*** Opening of THE DATA ***

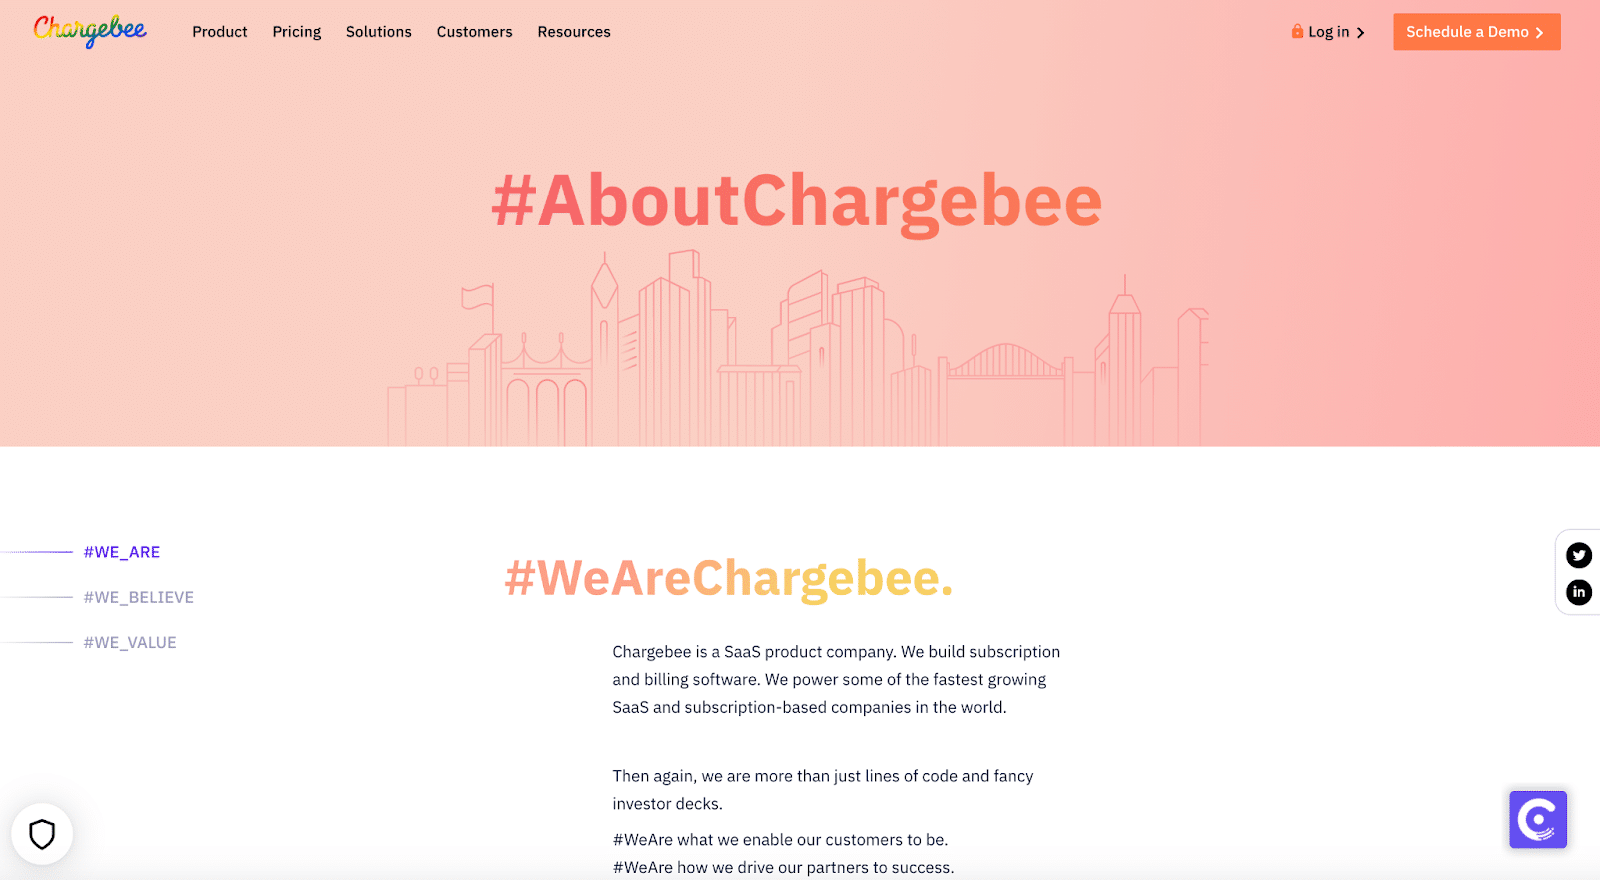 Chargbee’s About Us page is an essential component of its site.
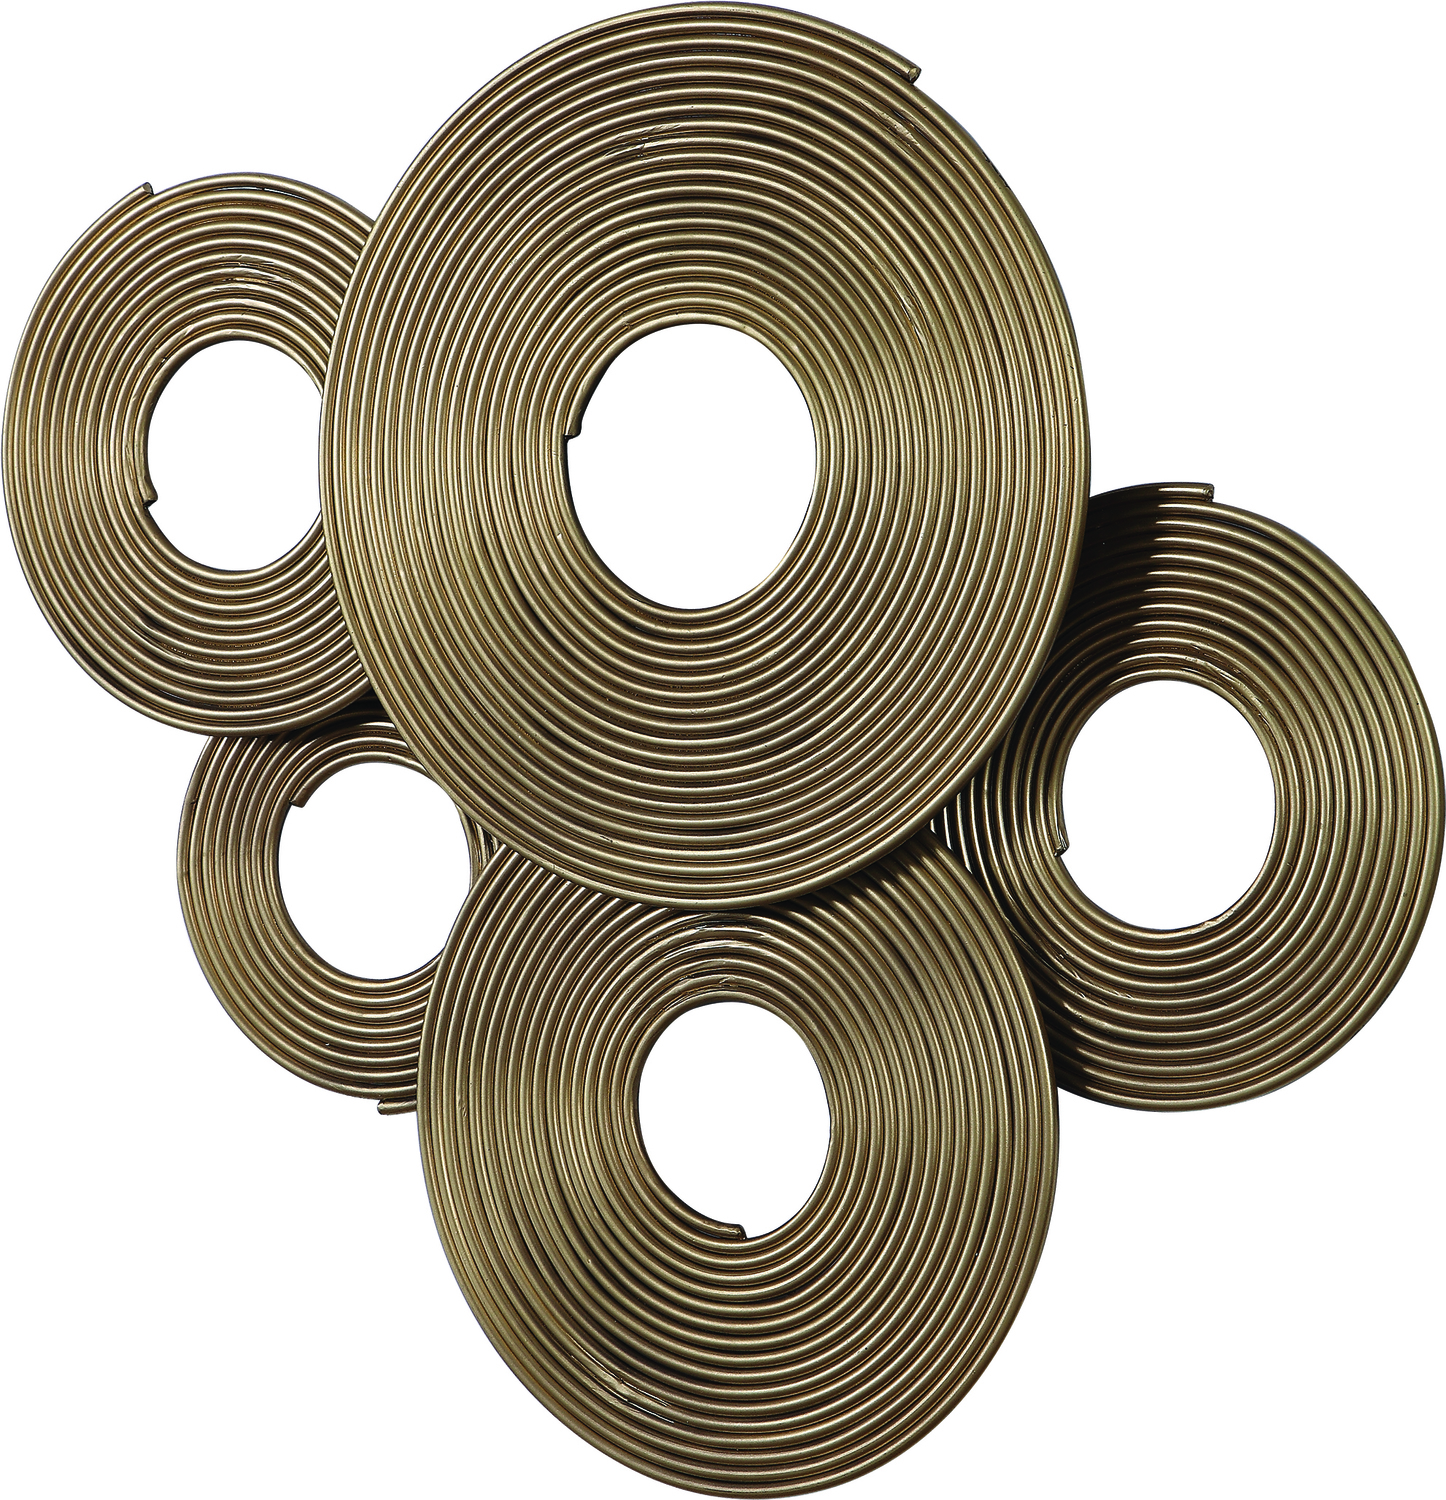 room wall drawing Uttermost Metal Wall Art A 3-dimensional Layering Of Spiraled Iron Rings Featuring A Soft Gold Finish. May Be Hung Three Ways.
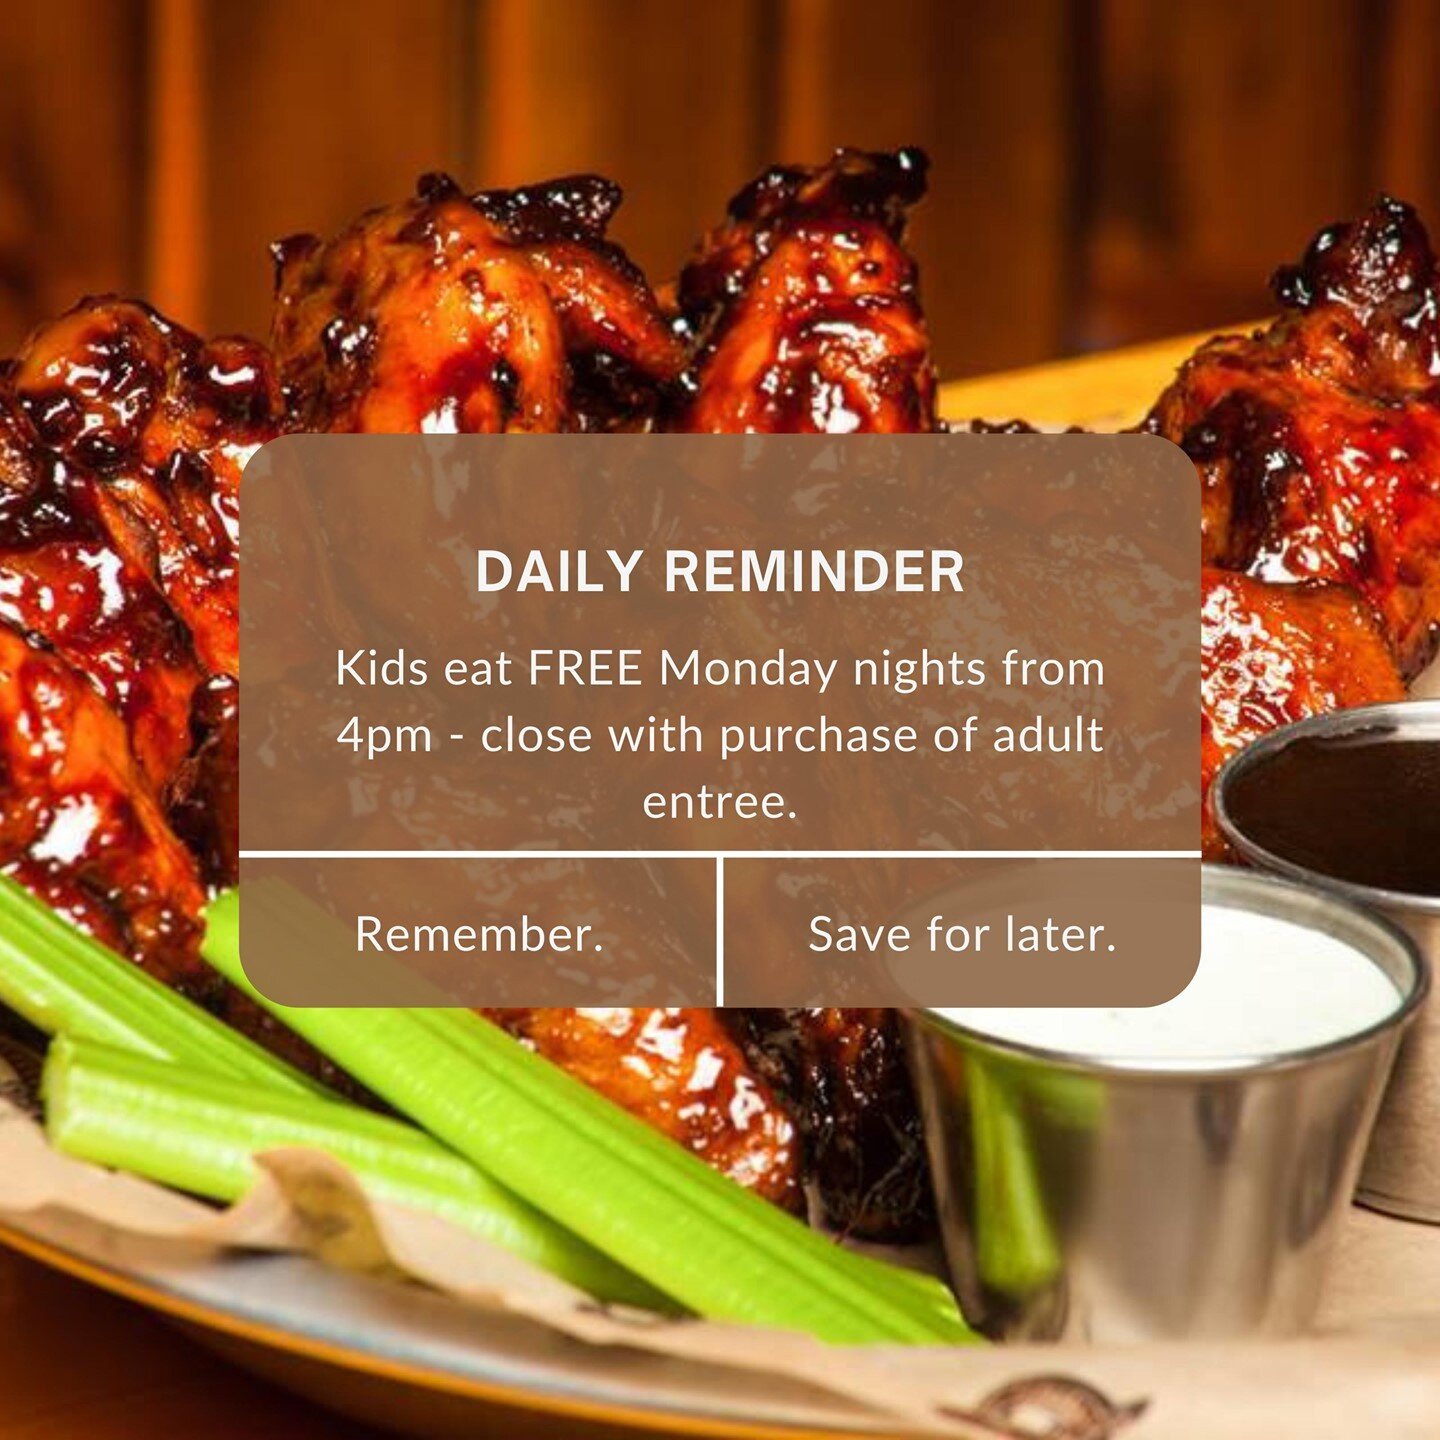 Kids eat FREE on Monday nights with an adult entr&eacute;e purchase. Avaialble from 4pm-close.

*** Close of THE DATA ***

BRIEF: An exact copy of all the lines above is required, with the pictures removed.

WRITTEN REPLY:
 Chargbee’s About Us page is an essential component of its site.
 room wall drawing Uttermost Metal Wall Art A 3-dimensional Layering Of Spiraled Iron Rings Featuring A Soft Gold Finish. May Be Hung Three Ways.
 Kids eat FREE on Monday nights with an adult entr&eacute;e purchase. Avaialble from 4pm-close.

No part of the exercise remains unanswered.